![specialized search engine for rare media specialized search engine for rare media](https://www.oberlo.com/media/1603954985-image28.png)
The ranking algorithm used in FindZebra is the one from Indri, which, roughly speaking, ranks a document according to how frequent the query terms occur in that document. By restricting Google Search to the same domains used for FindZebra, relevant documents are retrieved in the top 20 search results in around only one-third of the cases. 3 This yields a total of roughly 33,400 documents (see Table 1 for details). For FindZebra, we selected ten sites with highly curated information on rare diseases that represent more than 90% of Orphanet’s list of about 7,000 rare diseases. Second, if one can focus the search on websites with high quality content on the specialized topic, then one can eliminate noise coming from the overwhelming amount of irrelevant documents indexed by Google.Ĭan we tell which of these two reasons is the most important? Yes, because Google’s advanced search option allows the user to specify which domains to search. For example, ranking according to page popularity may risk retrieving popular documents with only minor matches to the query.

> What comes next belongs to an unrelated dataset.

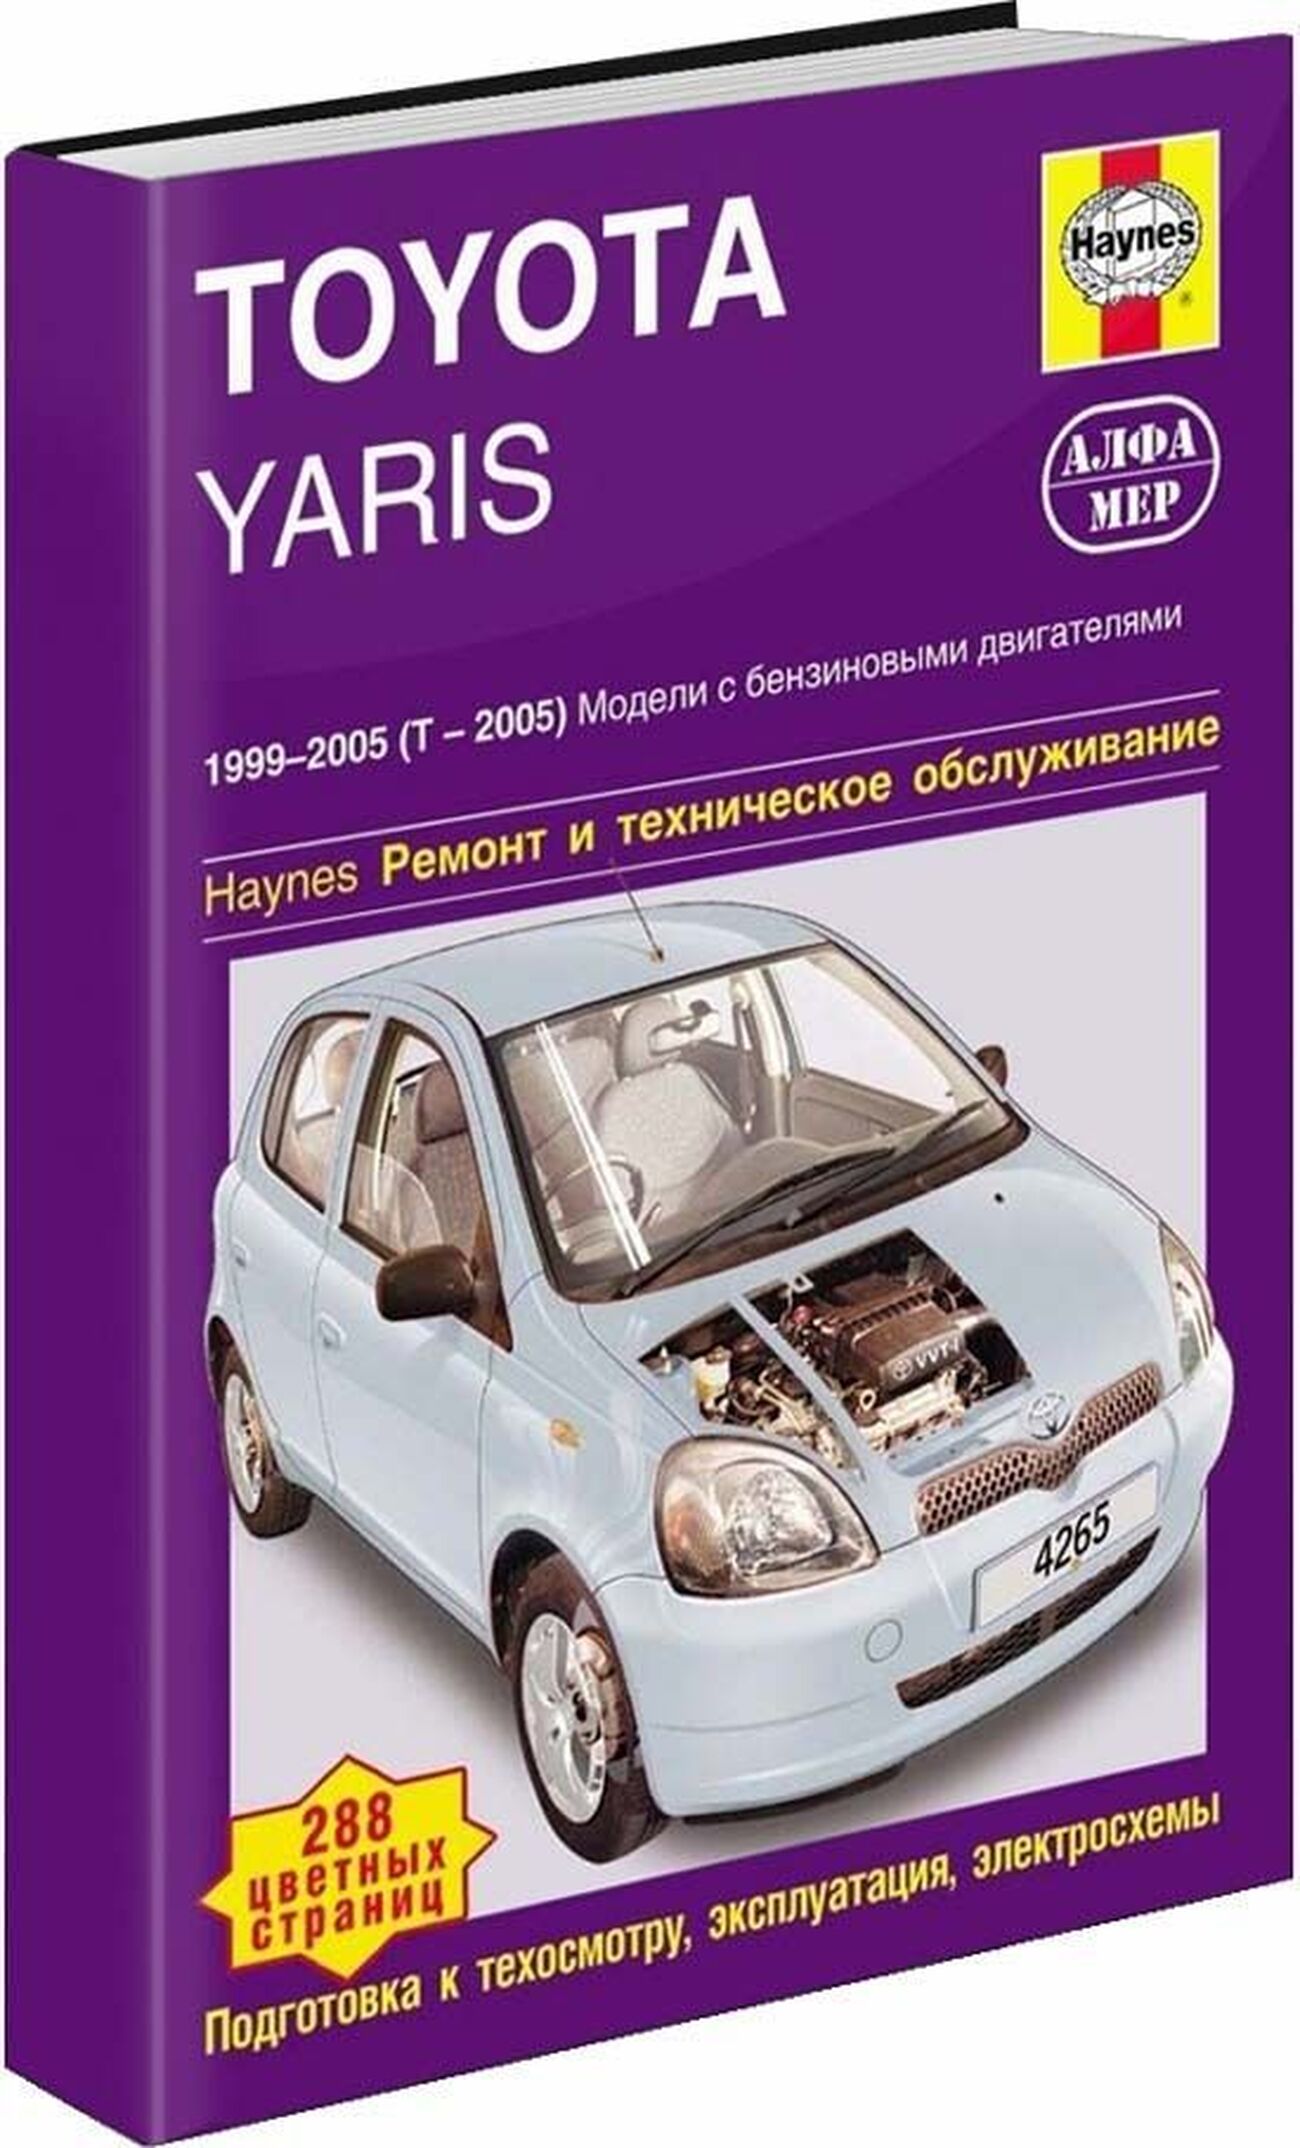 Книга: TOYOTA YARIS (б) 1999-2005 (T-2005) г.в., рем., экспл., то | Алфамер Паблишинг

![specialized search engine for rare media specialized search engine for rare media](https://www.maketecheasier.com/assets/uploads/2021/08/deep-web-search-engines-waybackmachine.jpg)
If a person conducting a search works within a field that generates a relatively small volume of queries, such as rare diseases, then Google’s ranking optimization might result in worse retrieval performance for this topic. Google Search optimizes the average retrieval performance (that is, how close to the top the chosen link appears). That a specialized search engine-tailored to a specific application domain-may still be superior can be explained by the following two points. In everyday life, we all experience Google's effectiveness at finding what we are looking for to such a degree that we take it for granted. However, it is known that it uses personalized information beyond the query, adjusts for page popularity (using PageRank) and has around 200 adjustable parameters that are optimized based on large-scale experimentation with users' queries (that is, monitoring whether users, on average, click on a link ranked closer to or further from the top after parameter adjustment).
![specialized search engine for rare media specialized search engine for rare media](https://www.wired.com/images_blogs/business/2009/06/collecta_swine.png)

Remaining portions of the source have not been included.